* _THE RECORDS_
== == ==

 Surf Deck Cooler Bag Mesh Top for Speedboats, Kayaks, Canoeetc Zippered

== == ==

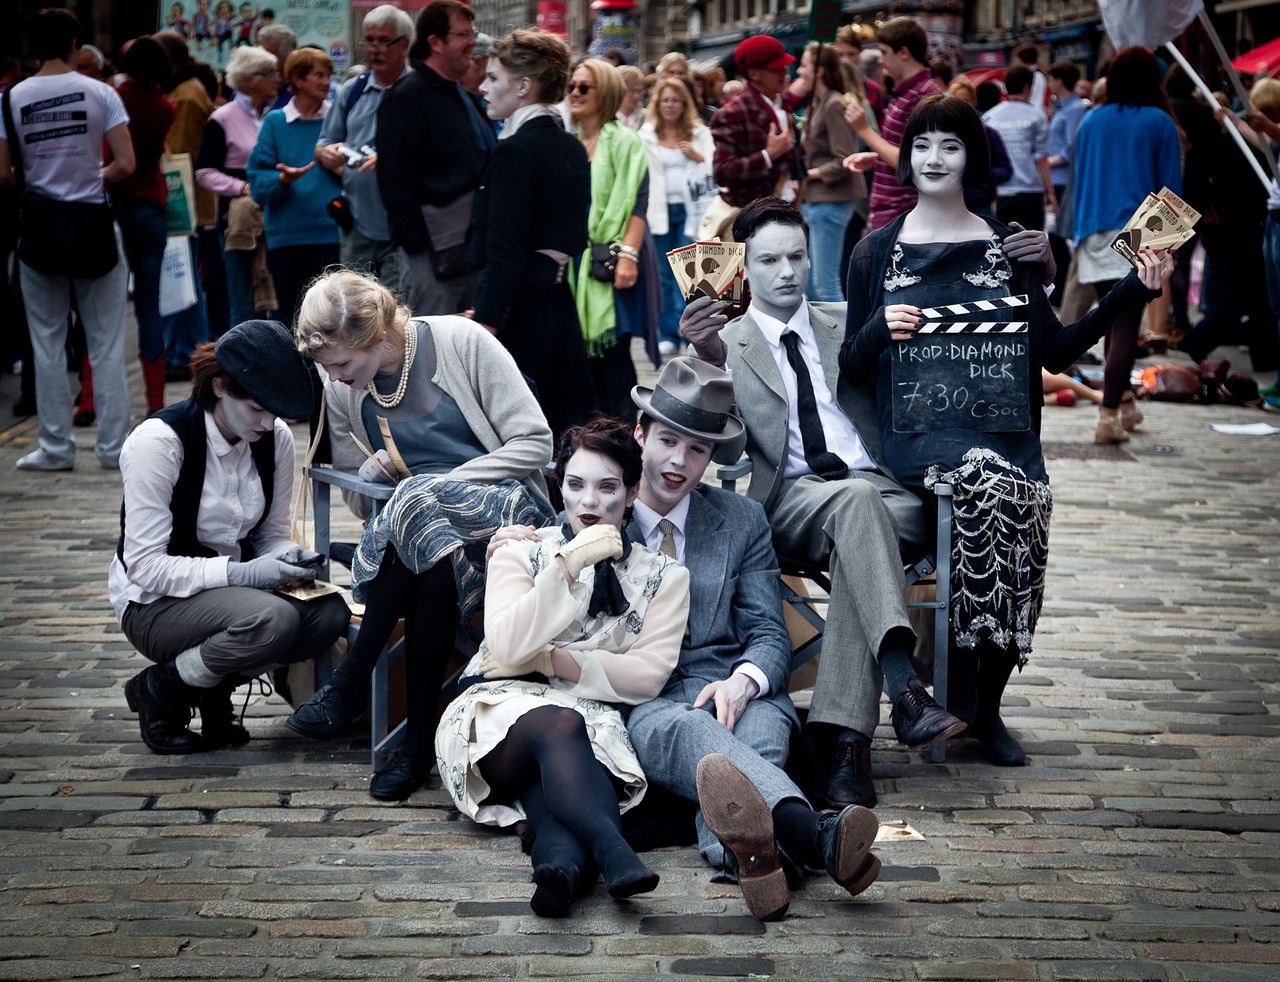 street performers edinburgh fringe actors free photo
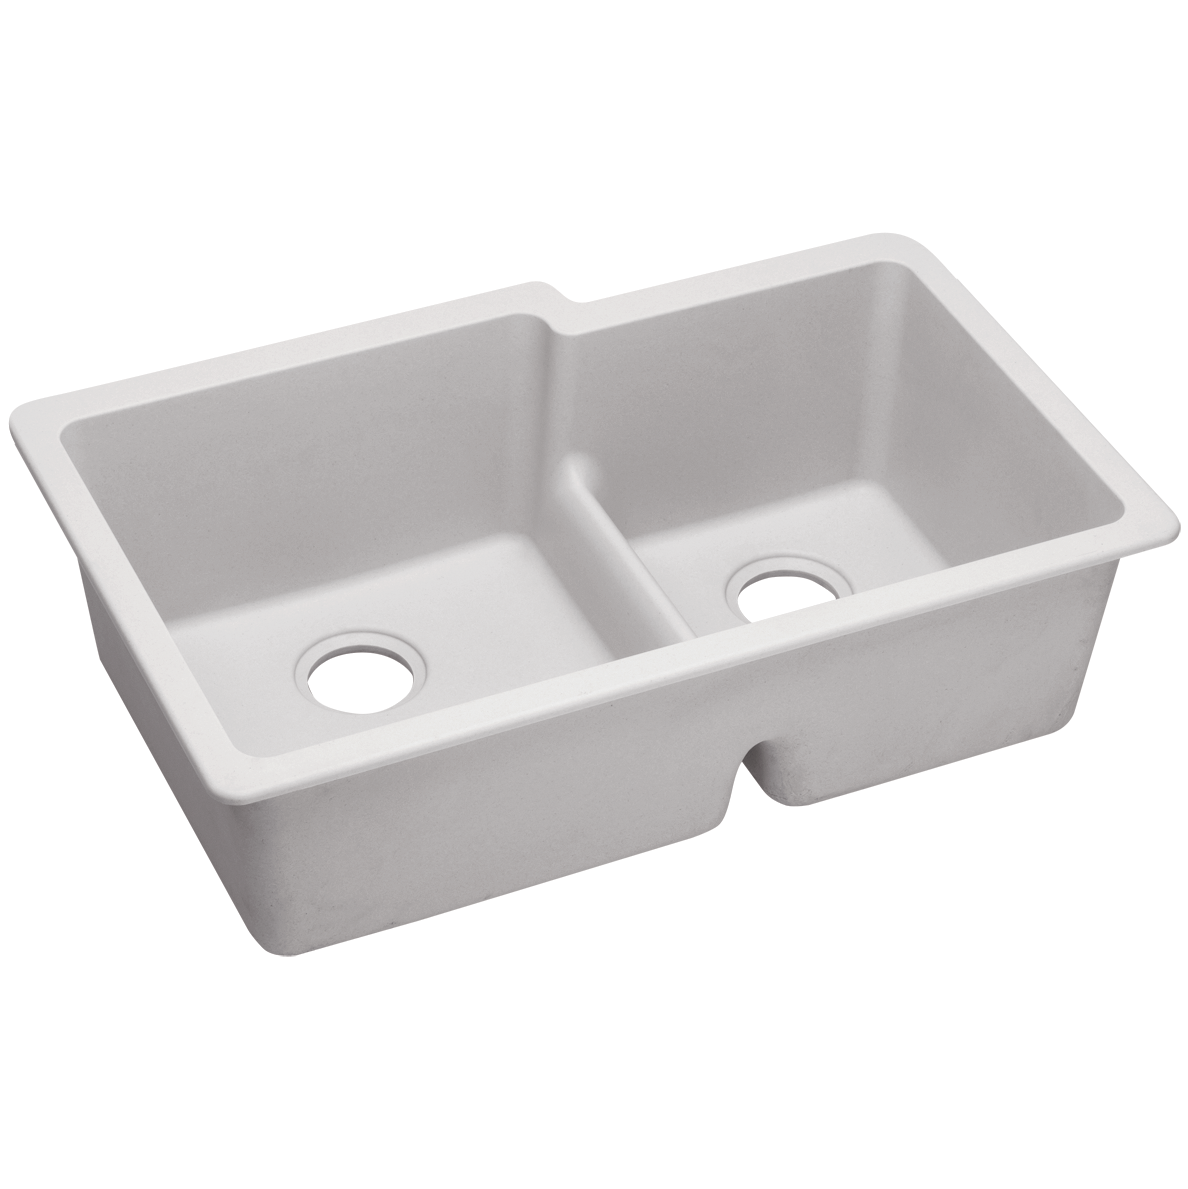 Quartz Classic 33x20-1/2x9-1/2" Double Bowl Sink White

== == ==

Please copy out from the data above, without any picture, exactly the lines running from the one that holds "street performers edinburgh" through the one that holds "Bowl Sink White", and nothing beyond them.

 street performers edinburgh fringe actors free photo
 Quartz Classic 33x20-1/2x9-1/2" Double Bowl Sink White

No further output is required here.